That was done based on feedback from Alistair 

https://lore.kernel.org/linux-mm/87h73iapg1.fsf@nvdebian.thelocal


> 
>> +{
>> +	int perf_level;
>> +	struct memory_tier *memtier;
>> +
>> +	mutex_lock(&memory_tier_lock);
>> +
>> +	memtier = __node_get_memory_tier(node);
>> +	if (!memtier) {
>> +		perf_level = node_devices[node]->perf_level;
>> +		memtier = find_create_memory_tier(perf_level);
>> +		node_set(node, memtier->nodelist);
>> +	}
>> +	mutex_unlock(&memory_tier_lock);
>> +}
>> +
>> +static void clear_node_memory_tier(int node)
>> +{
>> +	struct memory_tier *memtier;
>> +
>> +	mutex_lock(&memory_tier_lock);
>> +	memtier = __node_get_memory_tier(node);
>> +	if (memtier)
>> +		node_clear(node, memtier->nodelist);
> 
> When memtier->nodelist becomes empty, we need to free memtier?
> 
>> +	mutex_unlock(&memory_tier_lock);
>> +}
>> +
>> +/*
>> + * This runs whether reclaim-based migration is enabled or not,
>> + * which ensures that the user can turn reclaim-based migration
>> + * at any time without needing to recalculate migration targets.
>> + */
> 
> The comments doesn't apply here.
> 
>> +static int __meminit migrate_on_reclaim_callback(struct notifier_block *self,
>> +						 unsigned long action, void *_arg)
> 
> Now we are building memory tiers instead of working on demotion.  So I
> think we should rename the function to memtier_hotplug_callback().
> 
>> +{
>> +	struct memory_notify *arg = _arg;
>> +
>> +	/*
>> +	 * Only update the node migration order when a node is
>> +	 * changing status, like online->offline.
>> +	 */
>> +	if (arg->status_change_nid < 0)
>> +		return notifier_from_errno(0);
>> +
>> +	switch (action) {
>> +	case MEM_OFFLINE:
>> +		clear_node_memory_tier(arg->status_change_nid);
>> +		break;
>> +	case MEM_ONLINE:
>> +		init_node_memory_tier(arg->status_change_nid);
>> +		break;
>> +	}
>> +
>> +	return notifier_from_errno(0);
>> +}
>> +
>> +static void __init migrate_on_reclaim_init(void)
>> +{
>> +	hotplug_memory_notifier(migrate_on_reclaim_callback, MEMTIER_HOTPLUG_PRIO);
>> +}
> 
> I suggest to call hotplug_memory_notifier() in memory_tier_init()
> directly.  We are not working on demotion here.
> 
>> +
>>  static int __init memory_tier_init(void)
>>  {
>>  	int node;
>> @@ -96,6 +169,8 @@ static int __init memory_tier_init(void)
>>  			node_property->perf_level = default_memtier_perf_level;
>>  	}
>>  	mutex_unlock(&memory_tier_lock);
>> +
>> +	migrate_on_reclaim_init();
>>  	return 0;
>>  }
>>  subsys_initcall(memory_tier_init);
> 
> Best Regards,
> Huang, Ying


Will update the patch in next iteration to take care of other feedback.

Thanks
-aneesh
Huang, Ying July 27, 2022, 1:53 a.m.
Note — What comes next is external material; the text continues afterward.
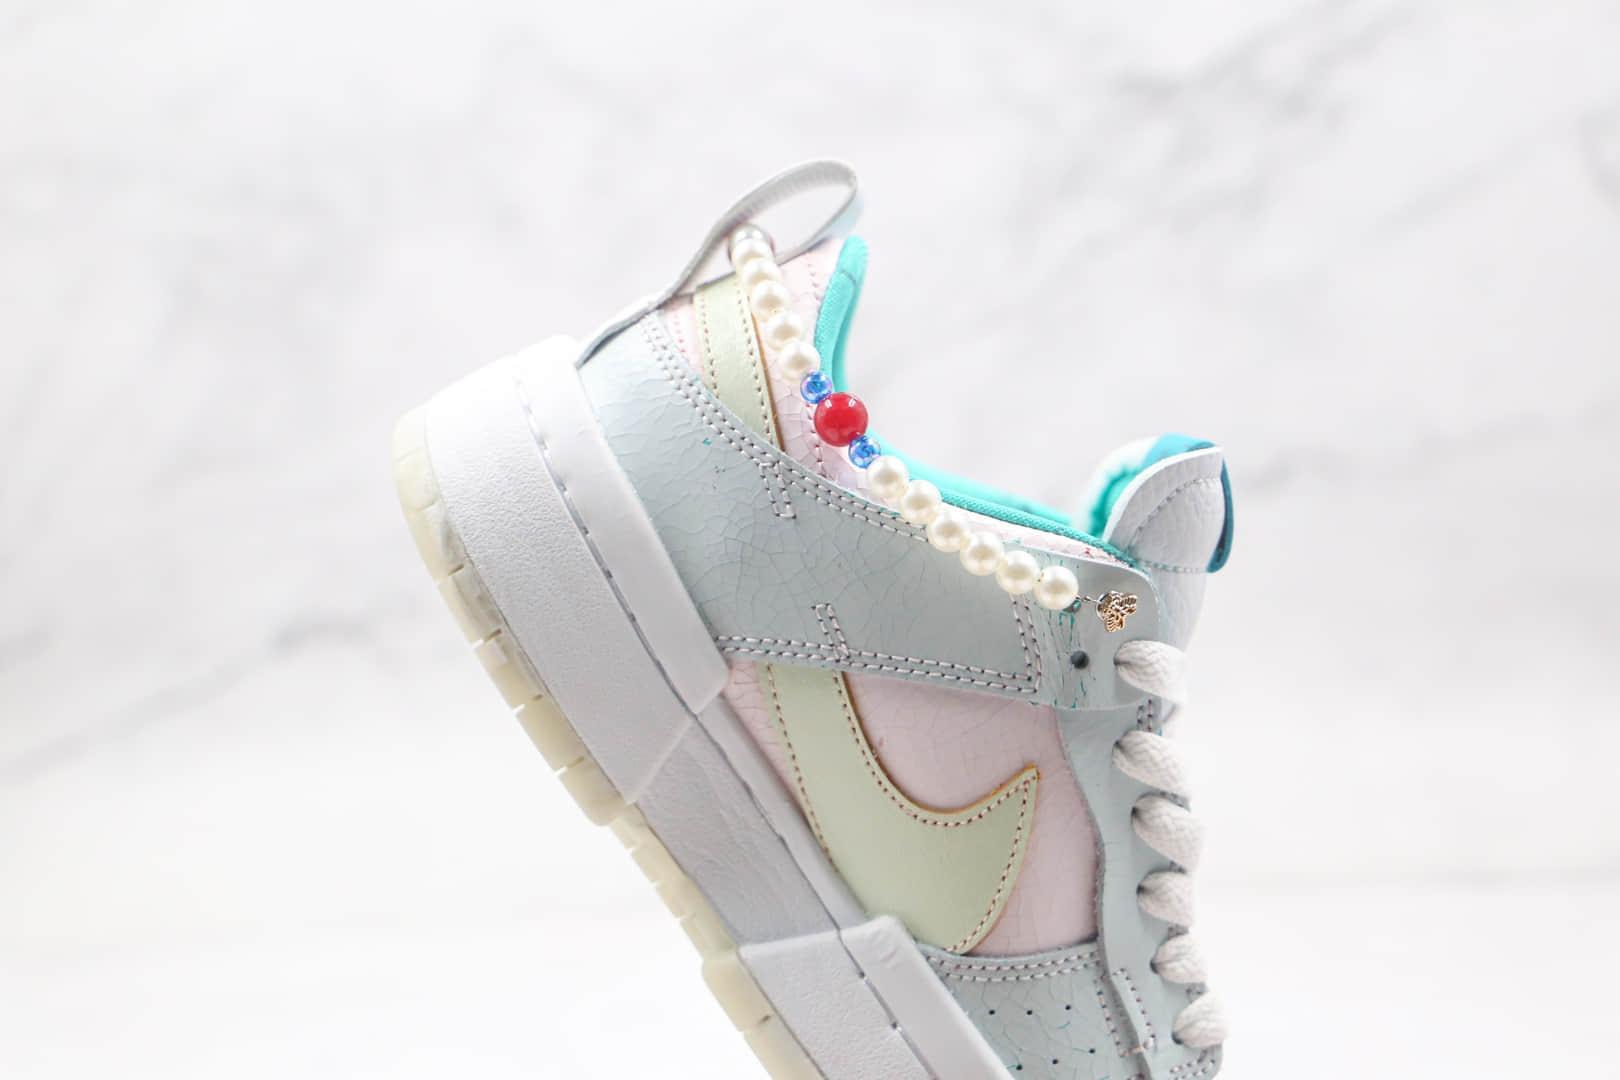 耐克Nike Dunk Low Disrupt纯原版本低帮DUNK刮刮乐紫禁城白绿宝石珍珠板鞋内置气垫 货号:DC3282-013

UTC | #3
Aneesh Kumar K V <aneesh.kumar@linux.ibm.com> writes:

> On 7/26/22 9:33 AM, Huang, Ying wrote:
>> "Aneesh Kumar K.V" <aneesh.kumar@linux.ibm.com> writes:
>> 
>>> If the new NUMA node onlined doesn't have a performance level assigned,
>>> the kernel adds the NUMA node to default memory tier.
>>>
>>> Signed-off-by: Aneesh Kumar K.V <aneesh.kumar@linux.ibm.com>
>>> ---
>>>  include/linux/memory-tiers.h |  1 +
>>>  mm/memory-tiers.c            | 75 ++++++++++++++++++++++++++++++++++++
>>>  2 files changed, 76 insertions(+)
>>>
>>> diff --git a/include/linux/memory-tiers.h b/include/linux/memory-tiers.h
>>> index ef380a39db3a..3d5f14d57ae6 100644
>>> --- a/include/linux/memory-tiers.h
>>> +++ b/include/linux/memory-tiers.h
>>> @@ -14,6 +14,7 @@
>>>  #define MEMTIER_PERF_LEVEL_DRAM	(1 << (MEMTIER_CHUNK_BITS + 2))
>>>  /* leave one tier below this slow pmem */
>>>  #define MEMTIER_PERF_LEVEL_PMEM	(1 << MEMTIER_CHUNK_BITS)
>>> +#define MEMTIER_HOTPLUG_PRIO	100
>>>  
>>>  extern bool numa_demotion_enabled;
>>>  
>>> diff --git a/mm/memory-tiers.c b/mm/memory-tiers.c
>>> index 41a21cc5ae55..cc3a47ec18e4 100644
>>> --- a/mm/memory-tiers.c
>>> +++ b/mm/memory-tiers.c
>>> @@ -5,6 +5,7 @@
>>>  #include <linux/lockdep.h>
>>>  #include <linux/moduleparam.h>
>>>  #include <linux/node.h>
>>> +#include <linux/memory.h>
>>>  #include <linux/memory-tiers.h>
>>>  
>>>  struct memory_tier {
>>> @@ -64,6 +65,78 @@ static struct memory_tier *find_create_memory_tier(unsigned int perf_level)
>>>  	return new_memtier;
>>>  }
>>>  
>>> +static struct memory_tier *__node_get_memory_tier(int node)
>>> +{
>>> +	struct memory_tier *memtier;
>>> +
>>> +	list_for_each_entry(memtier, &memory_tiers, list) {
>>> +		if (node_isset(node, memtier->nodelist))
>>> +			return memtier;
>>> +	}
>>> +	return NULL;
>>> +}
>>> +
>>> +static void init_node_memory_tier(int node)
>> 
>> set_node_memory_tier()?
>
> That was done based on feedback from Alistair 
>
> https://lore.kernel.org/linux-mm/87h73iapg1.fsf@nvdebian.thelocal
>
>> 
>>> +{
>>> +	int perf_level;
>>> +	struct memory_tier *memtier;
>>> +
>>> +	mutex_lock(&memory_tier_lock);
>>> +
>>> +	memtier = __node_get_memory_tier(node);
>>> +	if (!memtier) {
>>> +		perf_level = node_devices[node]->perf_level;
>>> +		memtier = find_create_memory_tier(perf_level);
>>> +		node_set(node, memtier->nodelist);
>>> +	}

It's related to Alistair's comments too.  When will memtier != NULL
here?  We may need just VM_WARN_ON() here?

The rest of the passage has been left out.